I think the challenge that #Open001 is trying to answer is this: how do media and publishing brands keep a reader’s attention and drive revenue and pageviews when there are so many other outlets all vying to remove them from your site? If a brand is basing “engaging content” on what it appears people are socially interacting with, then, in theory, it should work in keeping readers onsite and coming back.
While the idea and approach are incredibly interesting, I have a few thoughts on how it could be improved and why human editors may not agree with the approach (job security, aside).
Expanding the POV and serving individual interests
In order to keep readers returning for more and more content, there needs to be a relevant and engaging content mix. That mix needs to take into account both an individual’s interests as well as content discovery, or the “serendipity factor”, to broaden their point of view. This is table stakes for news and media editors; they want to push their readers to expand their content breadth. Only serving content that is popular is counterintuitive to the notion of the media crusade to increase awareness of topics that their users don’t already know about. This is what differentiates one media source from the next and if media outlets move to this social-based model, it will most likely erode any form of brand loyalty in the media space. What users come back to is a tone that resonates and the ability to access content that is relevant to them, as an individual.

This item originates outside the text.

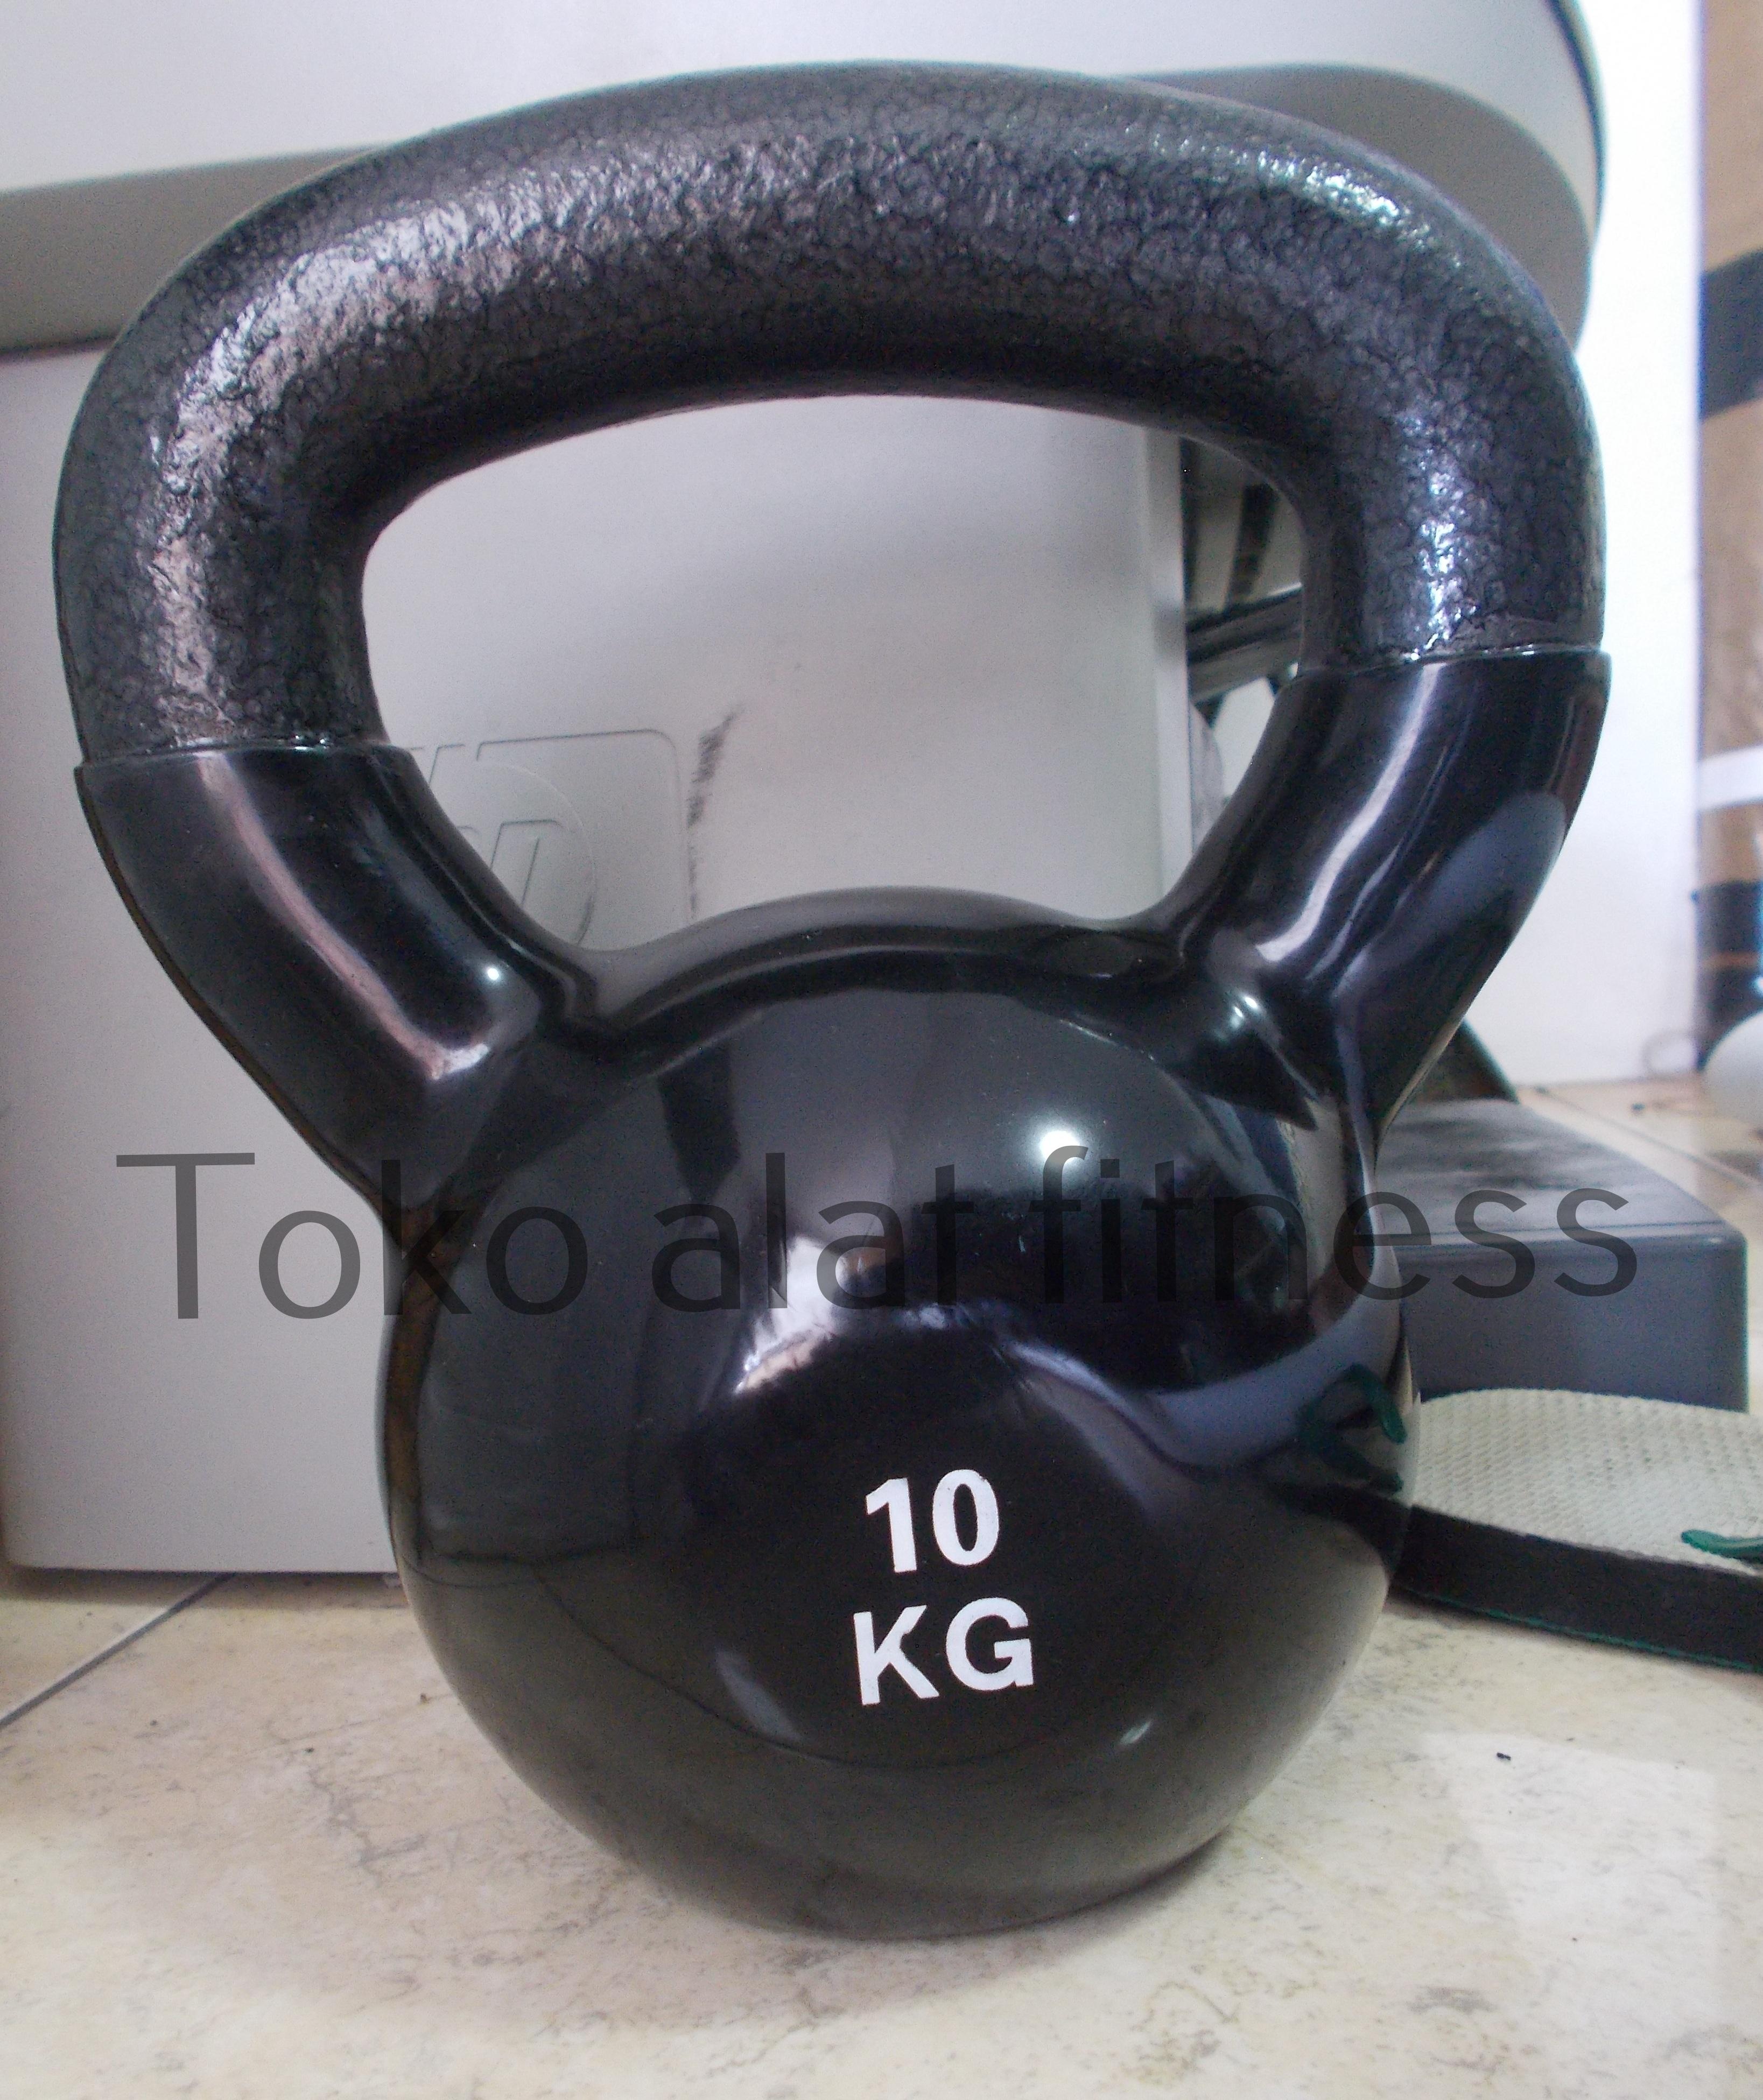 Kettlebell Vynil 10kg Body Gym - Kettlebell Vinyl 10kg (Import) Body Gym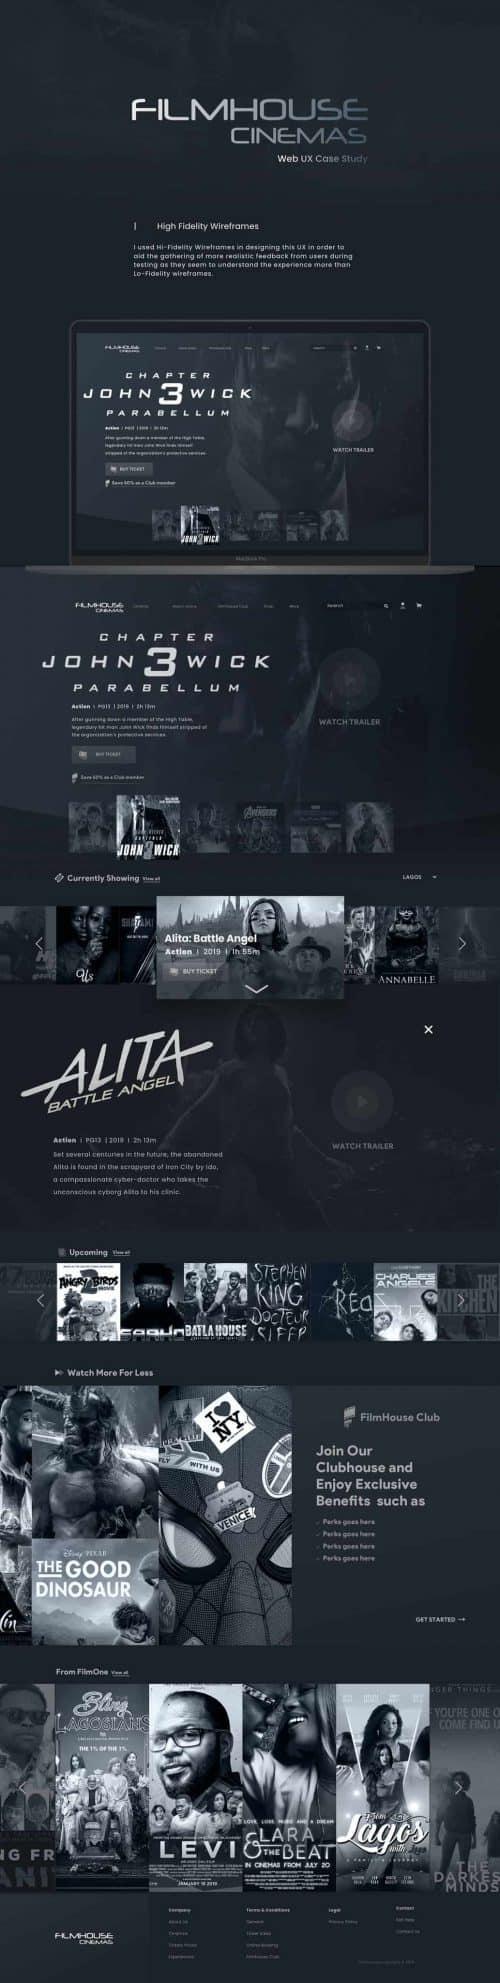 Filmhouse Interactive Web Design UI UX

That said, creating discovery is possible via algorithms (like the one at Sailthru). Rather than using a single data source to drive content discovery, sophisticated algorithms combine historical behavioral and interest data sets on the user level. This gives a view into not only what readers SAY they like, but also what their behavior proves they are interested in. The right algorithm can then recommended new content based on historical interests in a topic, even if an explicit interest has not been stated by a user. And the more that users engage with a site powered by the right algorithm, the smarter it gets to recommend what’s truly relevant.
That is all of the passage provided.